My Top Twenty Books of all time - Fiction & Non-fiction - July 2021

I didn't think I'd ever do this sort of entry on Digital Bibliophilia. However, inspired by a recent new entry in to this list, and fuelled by a couple of pints on my first night out drinking with work colleagues in nearly two years, I find myself unable to sleep and worried that anything I read will be forgotten in a haze of alcoholic fuzz the next morning. Therefore here we go - I hope it's mildly interesting or leads to someone picking up ones of the books in this list because I think they are fabulous.

So here we go, and in no particular order...

Collected Stories: Raymond Chandler (Everyman's library, No.257) (2002)

I love Chandler. Reading any of his works of fiction is a pleasure every human being should experience at least once in their life. Although his novels are mostly works of genius, I actually preferred this massive collection of his short-form works. This is one book you can't carry around with you - at over 1,300 pages you'll end up with forearms like Popeye the Sailor. Just sit back in your favourite wing-back chair with a bottle of whisky and savour every moment.

The Quincunx: The Inheritance of John Huffam (1995)

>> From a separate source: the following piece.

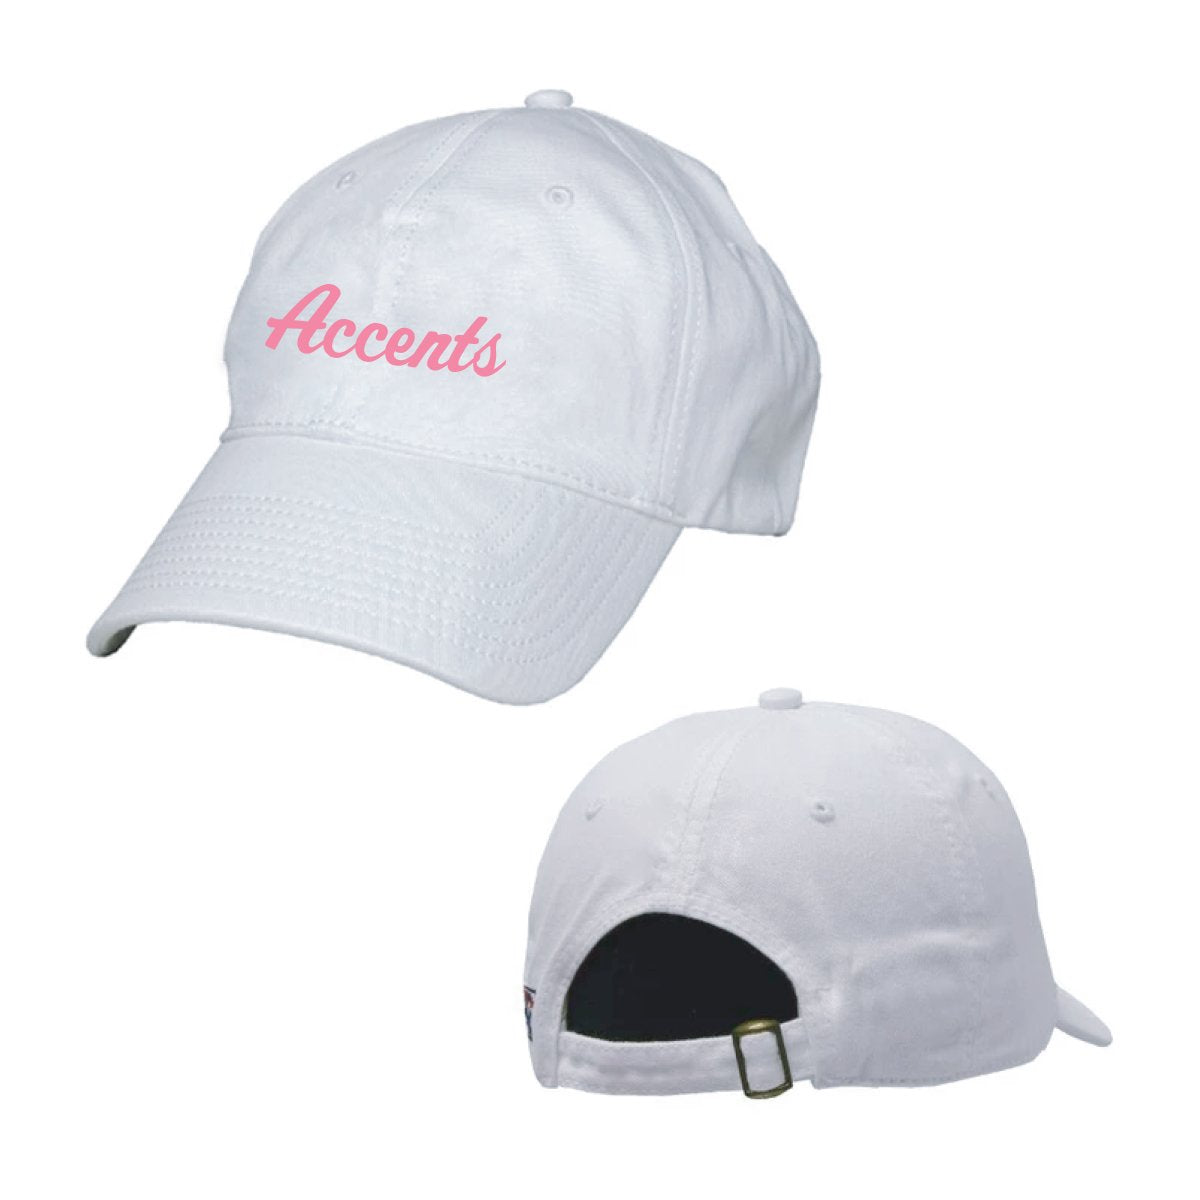 Accents White Ball Cap

I never would have dreamed a book like this would end up being something I'd ever admit to saying was an all-time favourite of mine. I do like to read Charles Dickens every now and again (there's a Dickens biography staring at me on my bookshelf every day - I'll get around to it at some point). This is very much influenced by Dickensian tales. A labyrinthine colossus of a novel over 1,200 pages in length in paperback form that follows the life of a Victorian young man who has no memory of his father, and whose doting mother holds a precious codicil of a last will and testament in a small trinket that never leaves her side. As his life takes turn after turn, and tragedy after tragedy befalls him - he never loses sight of the fact that something on that document hides the secret to his claim to a family fortune. A mesmerising and compelling masterpiece of a novel that is even meticulously structured (word by word) so that the sentence in the middle of the book reveals the secret to our protagonists background (good luck counting the words!).

Shackleton (1989)

A biography of Ernest Shackleton, the famous polar explorer, by Roland Huntford. There are quite a few books on Shackleton by now, but this was one of the earliest, if not the first, to really cover his life, and his astonishing exploration to the South Pole. If you think the notion of old-fashioned heroes is a myth - you need to read the true story of how this man lead his colleagues out of the jaws of hell and, quite literally, across the frozen landscape of Antarctica whilst dragging a boat behind them so they could sail to a desolate island; and then leave them behind whilst he went off on an almost suicidal mission to go and seek out a rescue party to come back to save them. A stone-cold (no pun intended) winner for best biography I'll ever read in my life. Forget anyone who says Captain Scott was a better hero - this guy makes Scott feel like a wuss. If you only have room for one biography on your bookshelf - get this!